** Problem description **
Each line below from the one containing "Tampa Bay Bride" through the one containing "Shane Payne Jr., 17, faces" should be output exactly as it stands, and no other line should appear.

** Data for review **
# # # # #

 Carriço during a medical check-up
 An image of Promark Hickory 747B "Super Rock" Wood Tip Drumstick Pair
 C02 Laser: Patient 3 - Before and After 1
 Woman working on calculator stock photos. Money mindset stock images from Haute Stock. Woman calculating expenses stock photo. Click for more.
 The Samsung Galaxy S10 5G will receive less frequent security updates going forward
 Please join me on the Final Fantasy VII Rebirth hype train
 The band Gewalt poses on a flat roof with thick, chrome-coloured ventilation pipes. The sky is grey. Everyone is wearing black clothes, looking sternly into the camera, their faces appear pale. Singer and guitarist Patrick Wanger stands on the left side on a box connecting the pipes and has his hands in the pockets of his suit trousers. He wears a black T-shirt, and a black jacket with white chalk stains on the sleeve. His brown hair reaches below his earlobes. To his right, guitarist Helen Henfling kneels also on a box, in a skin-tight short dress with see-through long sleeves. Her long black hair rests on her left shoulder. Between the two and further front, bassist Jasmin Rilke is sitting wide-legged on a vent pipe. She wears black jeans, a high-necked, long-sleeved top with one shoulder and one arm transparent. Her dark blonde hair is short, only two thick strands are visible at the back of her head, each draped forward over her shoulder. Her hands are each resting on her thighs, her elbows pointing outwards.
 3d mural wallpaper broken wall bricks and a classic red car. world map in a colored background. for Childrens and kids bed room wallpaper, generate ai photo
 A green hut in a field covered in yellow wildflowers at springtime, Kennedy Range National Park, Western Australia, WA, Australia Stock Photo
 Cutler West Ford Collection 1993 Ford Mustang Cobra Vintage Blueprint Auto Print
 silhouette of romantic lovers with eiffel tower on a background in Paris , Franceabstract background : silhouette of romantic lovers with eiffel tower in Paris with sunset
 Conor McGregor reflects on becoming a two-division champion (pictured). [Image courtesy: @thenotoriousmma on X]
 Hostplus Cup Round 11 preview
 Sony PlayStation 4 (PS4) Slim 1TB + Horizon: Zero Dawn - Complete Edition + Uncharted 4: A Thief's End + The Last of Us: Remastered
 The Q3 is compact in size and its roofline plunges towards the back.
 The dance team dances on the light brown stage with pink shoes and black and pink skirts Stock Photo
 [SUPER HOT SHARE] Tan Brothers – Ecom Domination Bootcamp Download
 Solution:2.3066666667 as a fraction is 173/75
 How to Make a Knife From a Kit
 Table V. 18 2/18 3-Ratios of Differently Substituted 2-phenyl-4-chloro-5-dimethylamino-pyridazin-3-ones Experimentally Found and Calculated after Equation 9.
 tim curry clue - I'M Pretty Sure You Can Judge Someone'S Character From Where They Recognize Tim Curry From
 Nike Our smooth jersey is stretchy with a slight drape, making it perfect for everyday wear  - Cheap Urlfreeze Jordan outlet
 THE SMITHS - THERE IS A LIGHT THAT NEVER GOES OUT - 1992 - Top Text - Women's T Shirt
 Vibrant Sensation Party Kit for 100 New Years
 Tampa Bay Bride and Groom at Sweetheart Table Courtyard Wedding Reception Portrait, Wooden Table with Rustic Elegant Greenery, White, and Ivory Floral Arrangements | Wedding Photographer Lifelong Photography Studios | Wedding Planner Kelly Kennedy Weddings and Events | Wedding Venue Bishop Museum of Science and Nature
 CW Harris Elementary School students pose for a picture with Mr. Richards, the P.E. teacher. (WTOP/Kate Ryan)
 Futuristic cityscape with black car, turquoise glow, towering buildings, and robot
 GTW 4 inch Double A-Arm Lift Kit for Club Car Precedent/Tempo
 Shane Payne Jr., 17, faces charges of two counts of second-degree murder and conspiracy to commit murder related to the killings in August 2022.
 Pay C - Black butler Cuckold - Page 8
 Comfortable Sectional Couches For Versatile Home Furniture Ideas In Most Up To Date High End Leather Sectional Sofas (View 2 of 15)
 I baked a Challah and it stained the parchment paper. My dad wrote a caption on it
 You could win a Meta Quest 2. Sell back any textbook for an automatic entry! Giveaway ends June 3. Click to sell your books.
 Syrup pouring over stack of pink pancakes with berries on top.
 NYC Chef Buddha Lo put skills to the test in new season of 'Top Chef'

# # # # #

** Response to the exercise **
 Tampa Bay Bride and Groom at Sweetheart Table Courtyard Wedding Reception Portrait, Wooden Table with Rustic Elegant Greenery, White, and Ivory Floral Arrangements | Wedding Photographer Lifelong Photography Studios | Wedding Planner Kelly Kennedy Weddings and Events | Wedding Venue Bishop Museum of Science and Nature
 CW Harris Elementary School students pose for a picture with Mr. Richards, the P.E. teacher. (WTOP/Kate Ryan)
 Futuristic cityscape with black car, turquoise glow, towering buildings, and robot
 GTW 4 inch Double A-Arm Lift Kit for Club Car Precedent/Tempo
 Shane Payne Jr., 17, faces charges of two counts of second-degree murder and conspiracy to commit murder related to the killings in August 2022.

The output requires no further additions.